Unfortunately, I could not get logged into the system to do the journalctl. At this point I've already recycled the nodes and am trying to recreate this bug. I'll be sure to try to get the journalctl output if it re-occurs.
When I did this deployment again I got the following error: Failed to update admin password on appliance. Error message: Request Timeout Note its not saying it couldn't update the admin password. This time I can login as root, but I can't login to the console.
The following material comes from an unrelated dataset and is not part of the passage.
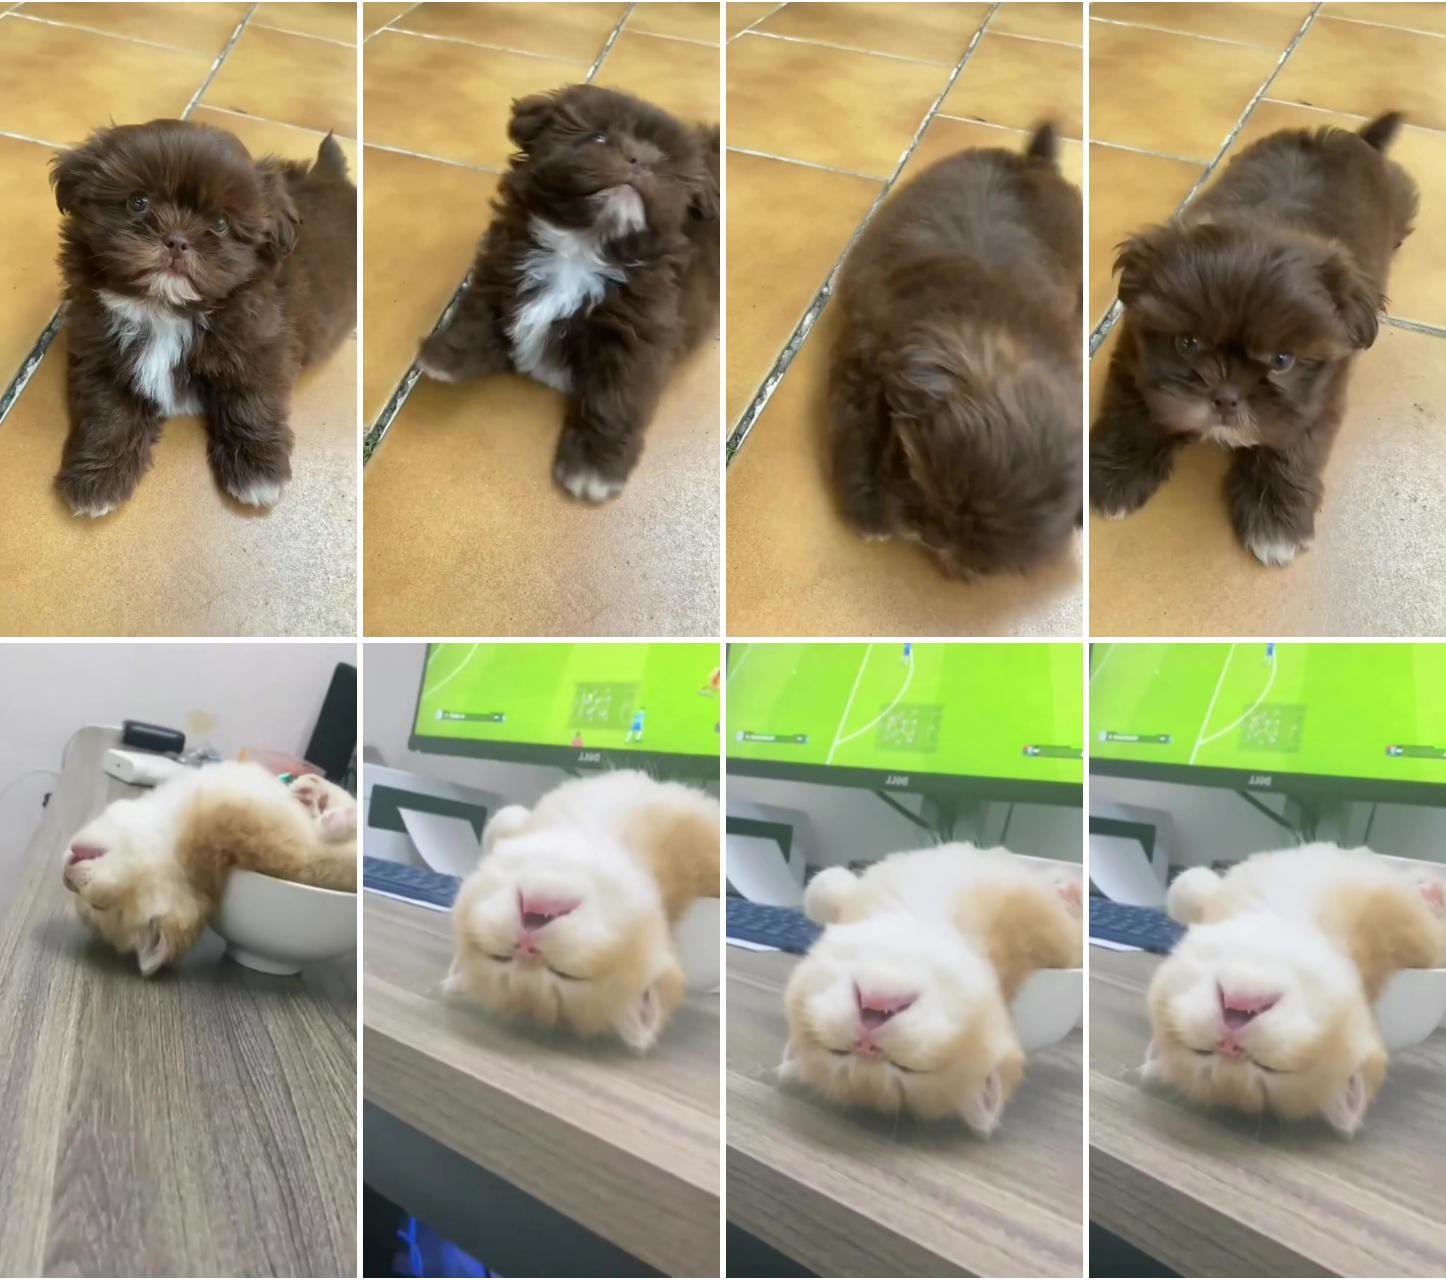 Its nap time ; cute fluffy dogs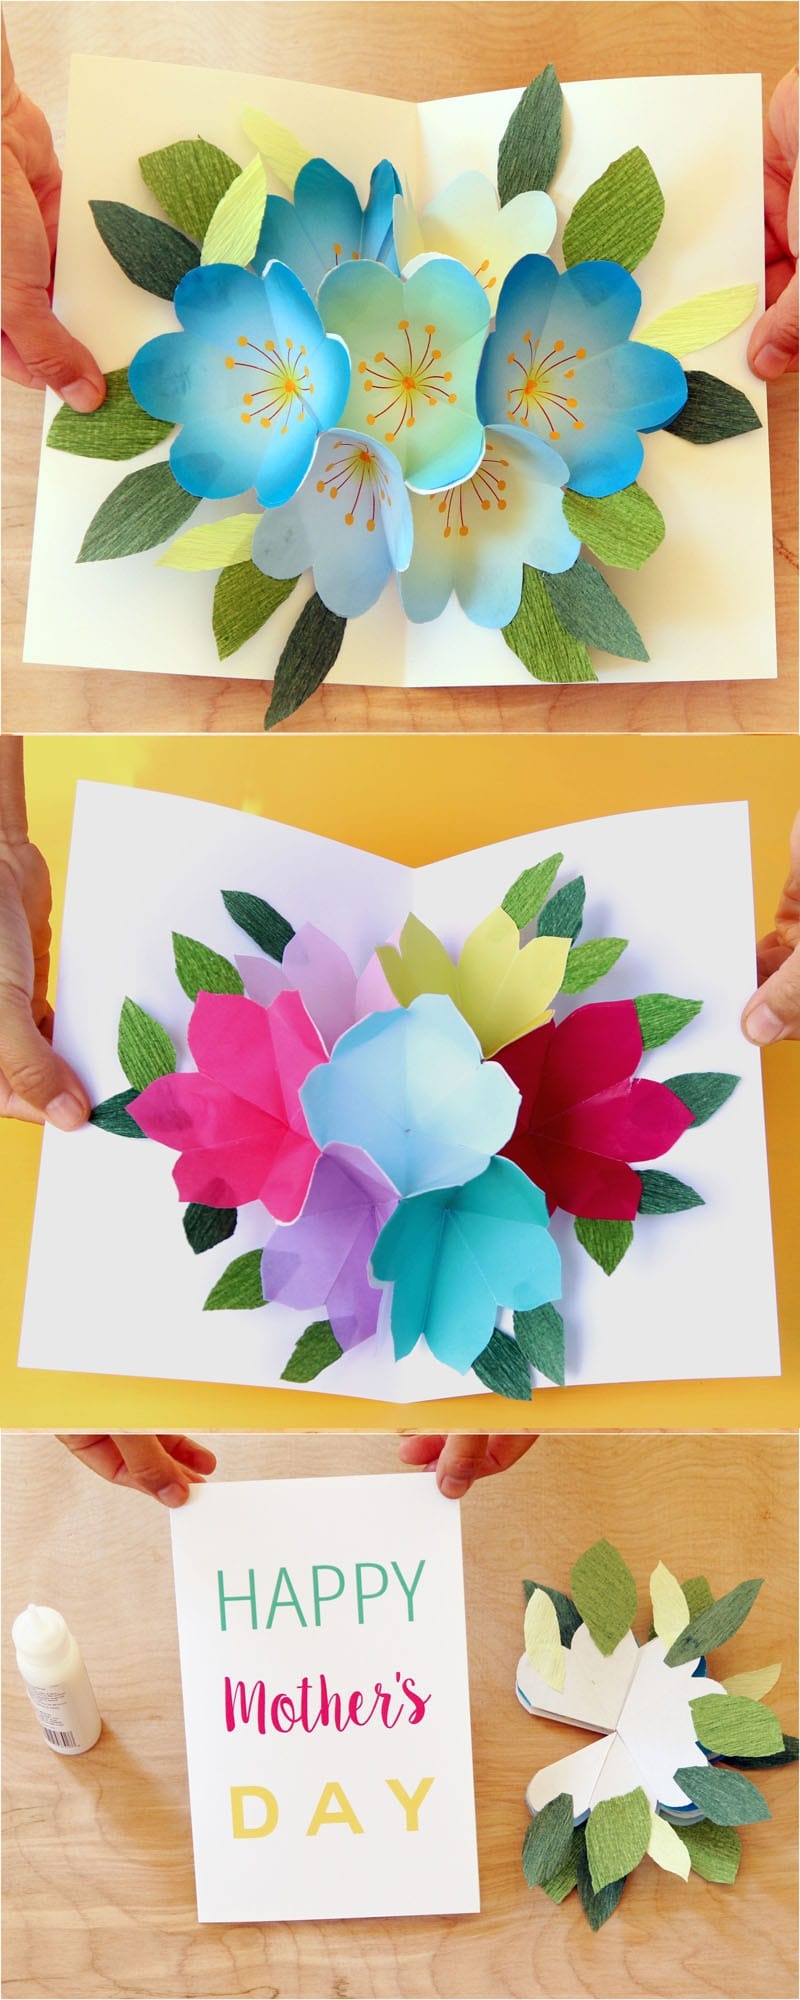 Pop Up Flowers Diy Printable Mother&amp;#039;s Day Card - A Piece Of Rainbow - Free Printable Cards No Download Required

I did notice that this is in the production.log file multiple times: 2017-01-31 10:01:00 [app] [F] | ActionView::MissingTemplate (Missing template common/500 with {:locale=>[:en], :formats=>[:json], :variants=>[], :handlers=>[:erb, :builder, :raw, :ruby, :rabl]}. Searched in: | * "/usr/share/foreman/app/views" | * "/opt/theforeman/tfm/root/usr/share/gems/gems/redhat_access-1.0.13/app/views" | * "/opt/theforeman/tfm/root/usr/share/gems/gems/fusor_ui-1.1.20/app/views" | * "/opt/theforeman/tfm/root/usr/share/gems/gems/fusor_server-1.1.34/app/views" | * "/opt/theforeman/tfm/root/usr/share/gems/gems/katello-3.0.0.90/app/views" | * "/opt/theforeman/tfm/root/usr/share/gems/gems/foreman-tasks-0.7.14.11/app/views" | * "/opt/theforeman/tfm/root/usr/share/gems/gems/foreman_discovery-5.0.0.9/app/views" | * "/opt/theforeman/tfm/root/usr/share/gems/gems/bastion-3.2.0.10/app/views" | * "/opt/theforeman/tfm/root/usr/share/gems/gems/foreman_bootdisk-6.1.0.3/app/views" | * "/opt/theforeman/tfm/root/usr/share/gems/gems/foreman_docker-2.0.1.11/app/views" | * "/opt/theforeman/tfm/root/usr/share/gems/gems/foreman_theme_satellite-0.1.36/app/views" | * "/opt/theforeman/tfm/root/usr/share/gems/gems/apipie-rails-0.3.6/app/views" | ): | app/controllers/application_controller.rb:295:in `generic_exception' | lib/middleware/catch_json_parse_errors.rb:9:in `call' | |
In the deployment.log there is this message over and over at the end: D, [2017-01-31T12:49:19.249164 #19861] DEBUG -- : ================ CloudForms::WaitForConsole poll_external_task method ==================== D, [2017-01-31T12:49:19.250946 #19861] DEBUG -- : ================ CloudForms::WaitForConsole is_up method ==================== W, [2017-01-31T12:51:21.874424 #19861] WARN -- : Net::ReadTimeout
I was able to successfully deploy this scenario with the same compose. However, one thing that I have done differently, was to place the Satellite VM's libvirt image file on a separate physical disk. That is, I have spawn the Satellite's VM image on one physical disk, and spawn the hypervisor VM's image on another physical disk mounted within the same host. Also, please note that I've used the Satellite VM's NFS exported folders for storage. The reason why I've separated the Satellite VM's libvirt image file from the rest of the VM's is that, We've seen intermittent deployment failures for scenarios configured with MORE than just RHV (i.e. RHV+CFME, RHV+OCP, RHV+CFME+OCP), because those seem to cause high I/O disk loads. Separating the Satellite VM image from other VM images to it's own physical disk, seem to resolve those intermittent failures.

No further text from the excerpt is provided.